Design an API Gateway
Edge proxy with auth, rate-limiting, routing, observability, request transformation, and circuit breakers — at < 5 ms p99 added latency.
Intro
An API Gateway is the front door to a service-oriented backend. It handles auth, rate limiting, routing to N upstream services, request transformation, and observability. The hard part is staying invisible — adding < 5 ms p99 latency while doing all of that at hundreds of thousands of QPS.
Functional
- Route requests to upstream services by path / host.
- Authenticate (JWT / mTLS / API key) + authorize.
- Rate-limit per scope (IP, user, key).
- Request / response transformation (path rewrite, header injection).

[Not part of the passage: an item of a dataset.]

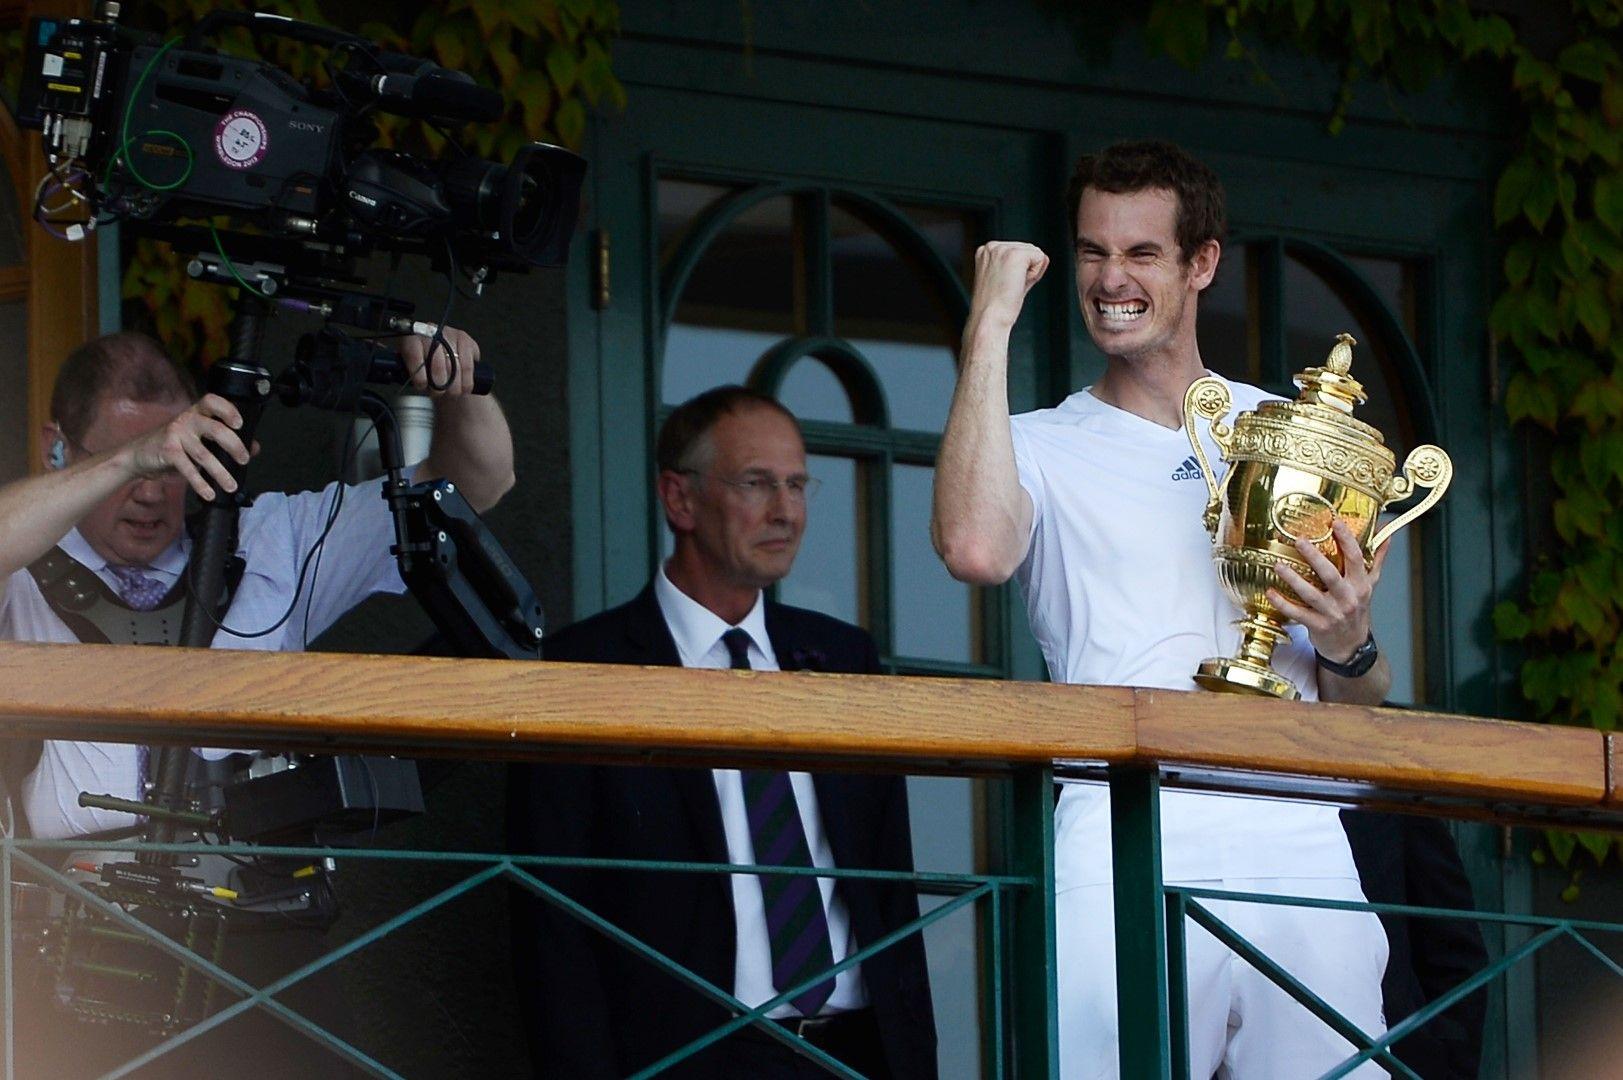 2013 г. Дългото чакане за британците приключи и Анди Мъри е Шампион след триумф над Джокович. Три години по-късно шотландецът повтори триумфа

- Circuit breaker on upstream failures.
Non-functional
- Added latency p99 < 5 ms.
- Throughput ≥ 200 k QPS per region.
- Availability ≥ 99.99%.
- Hot-reloadable config — no restarts.
Components
Edge proxy fleet
Stateless; horizontally scaled (Envoy / NGINX / custom).
Auth service
JWT verify + introspection cache.
Rate limiter
Redis-backed; atomic Lua.
Service discovery
Upstream service registry (Consul / DNS / k8s).
Config plane
Routes + policies; pushed via xDS / pub-sub.
Observability sink
Metrics + logs + traces.
Trade-offs
Centralized gateway vs service mesh
Pros
- Gateway: one entry point for external traffic.
- Mesh: per-pod sidecar, fine-grained.
Cons
- Gateway: external-only.
- Mesh: deployment overhead.
Off-the-shelf (Envoy/Kong) vs custom
Pros
- Off-the-shelf: battle-tested.
- Custom: tuned for one workload.
Cons
- Off-the-shelf: less customization.
- Custom: maintenance burden.
Scale concerns
- Auth introspection cache miss → upstream auth latency.
- Hot route — dedicate routes to a pool.
- Config push — atomic swap; no torn state.
- Cascading failure on upstream slowdown.